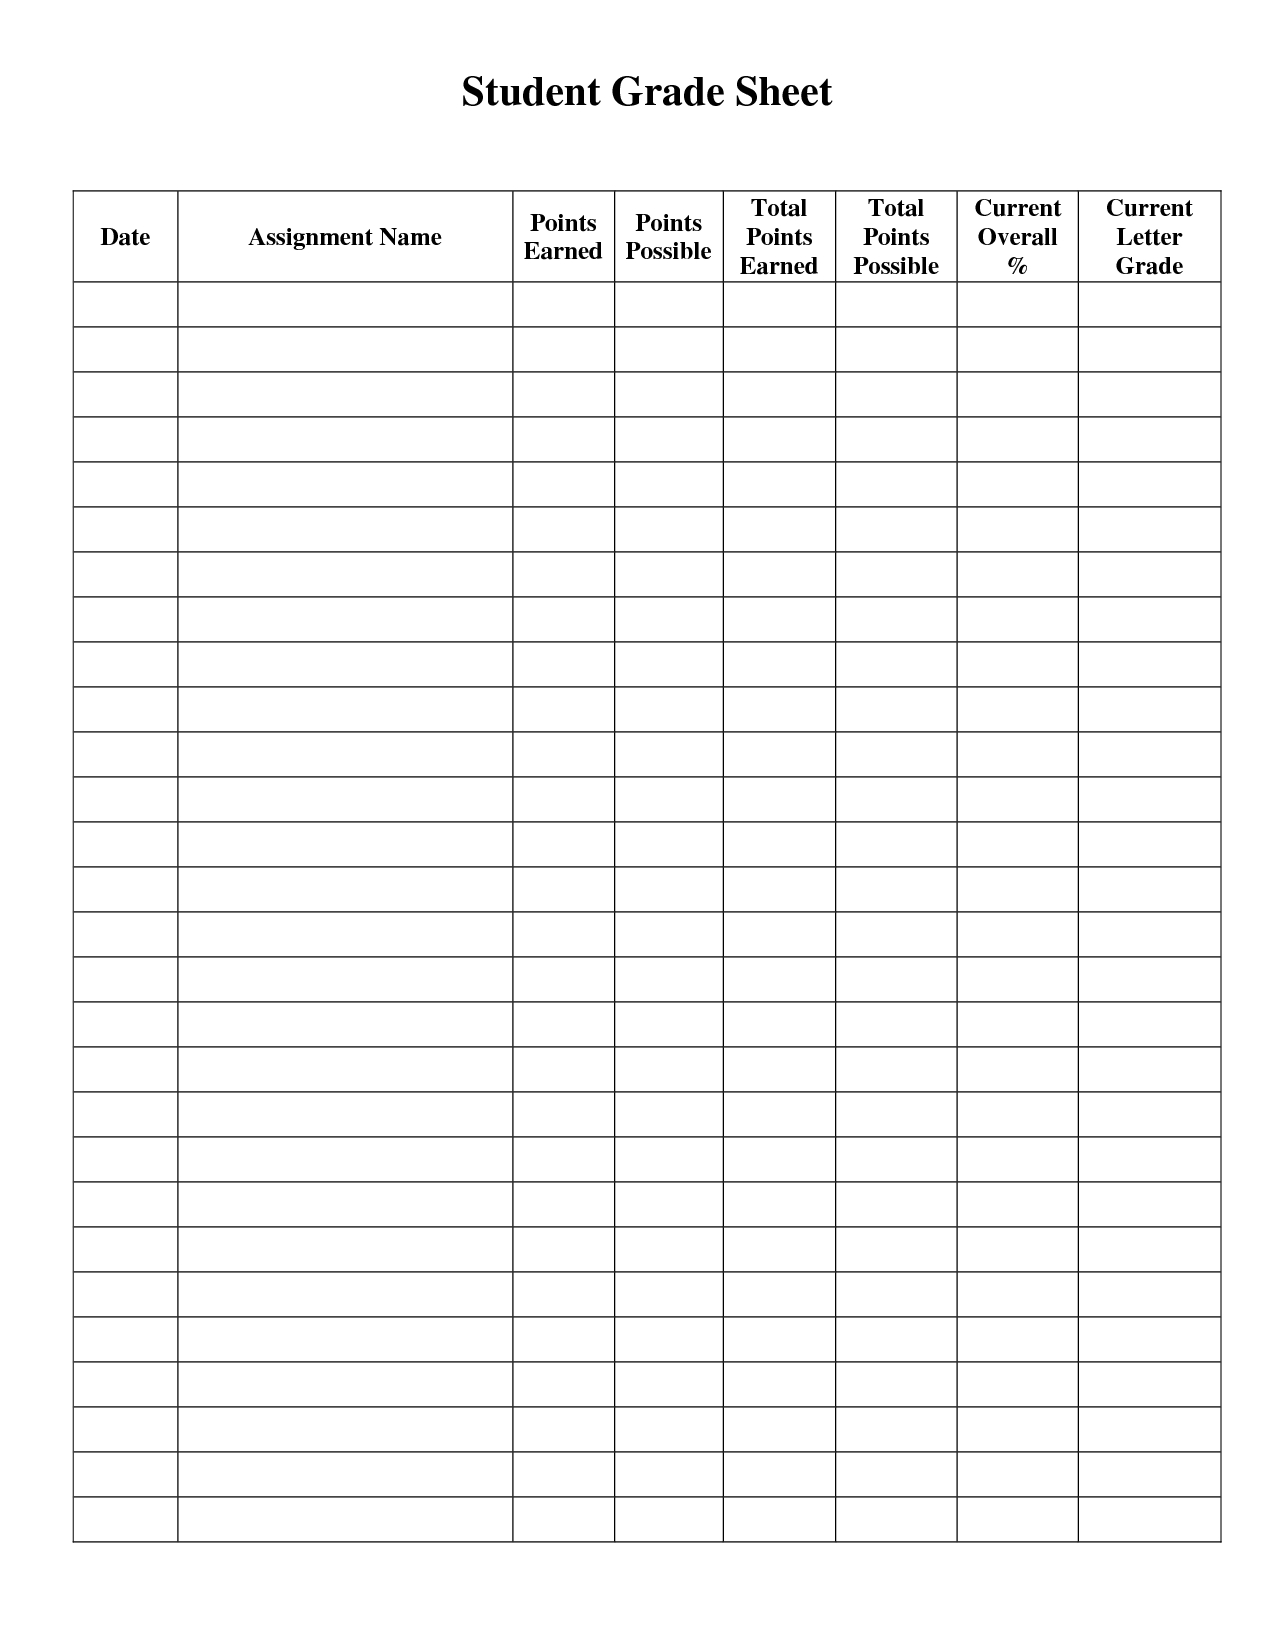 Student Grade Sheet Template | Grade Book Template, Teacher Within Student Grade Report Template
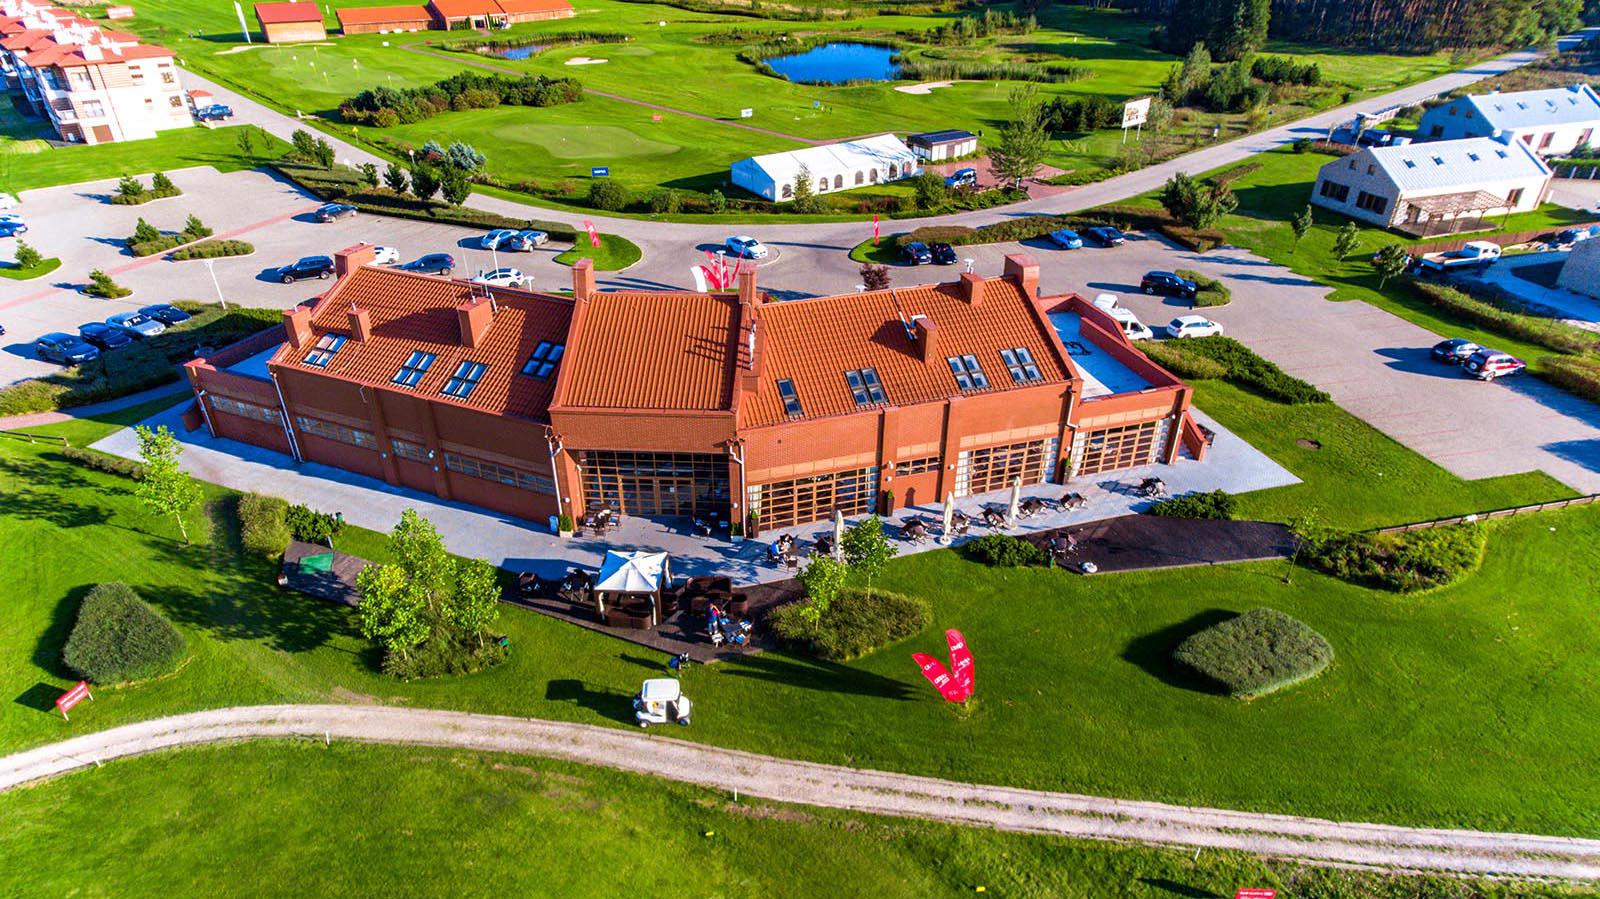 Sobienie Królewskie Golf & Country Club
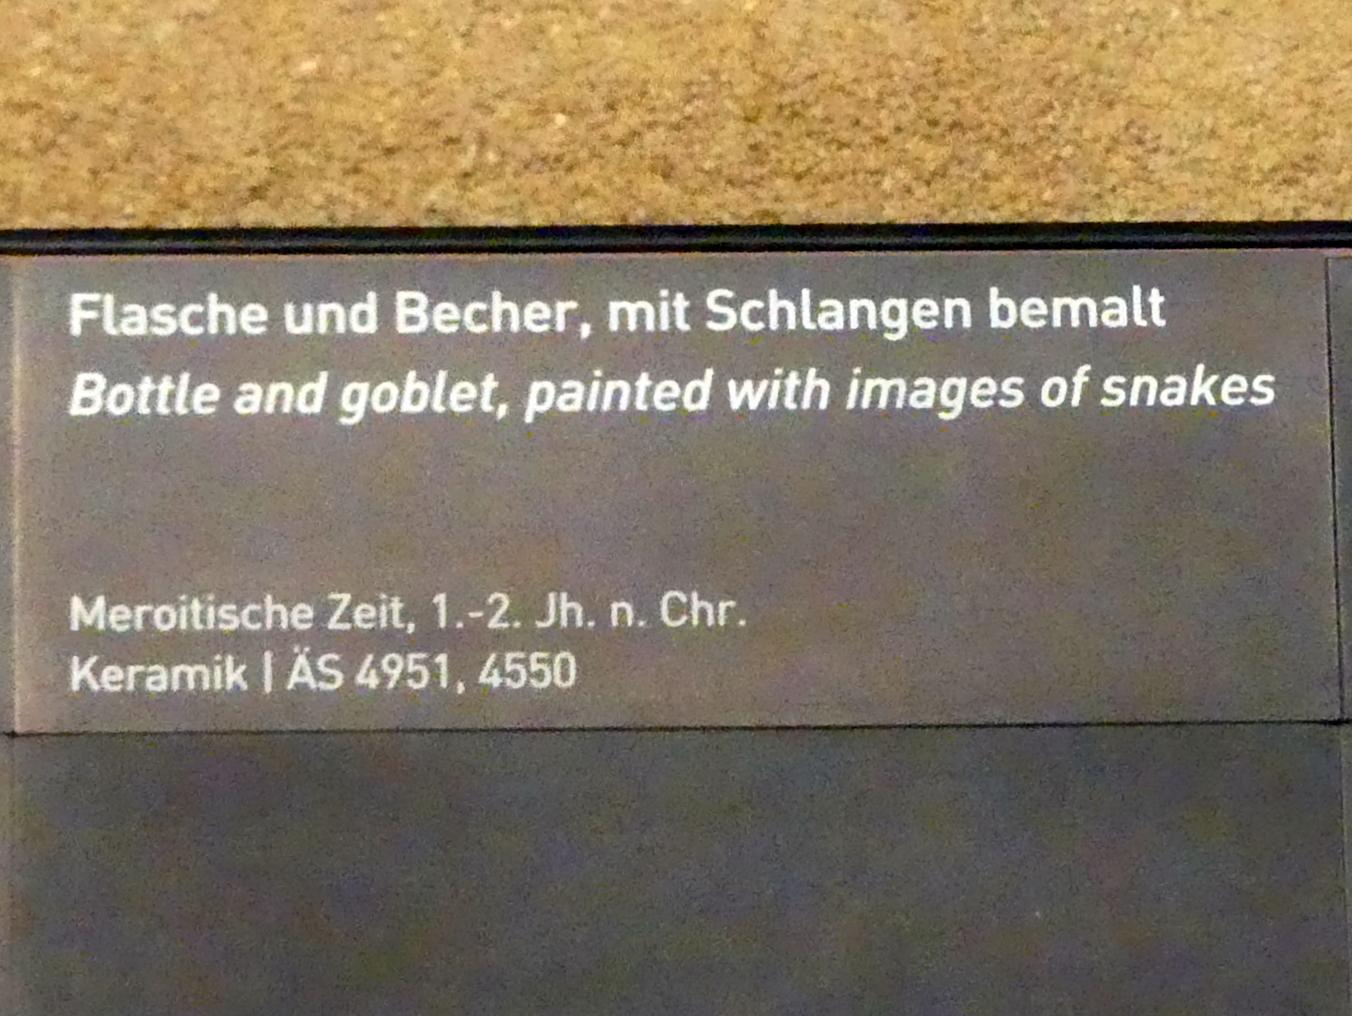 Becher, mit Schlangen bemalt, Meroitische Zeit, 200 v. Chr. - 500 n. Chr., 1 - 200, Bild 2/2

### Your objective:
Write out the whole listing exactly. Do not include the pictures.

### Response to the exercise:
 Student Grade Sheet Template | Grade Book Template, Teacher Within Student Grade Report Template
 Sobienie Królewskie Golf & Country Club
 Becher, mit Schlangen bemalt, Meroitische Zeit, 200 v. Chr. - 500 n. Chr., 1 - 200, Bild 2/2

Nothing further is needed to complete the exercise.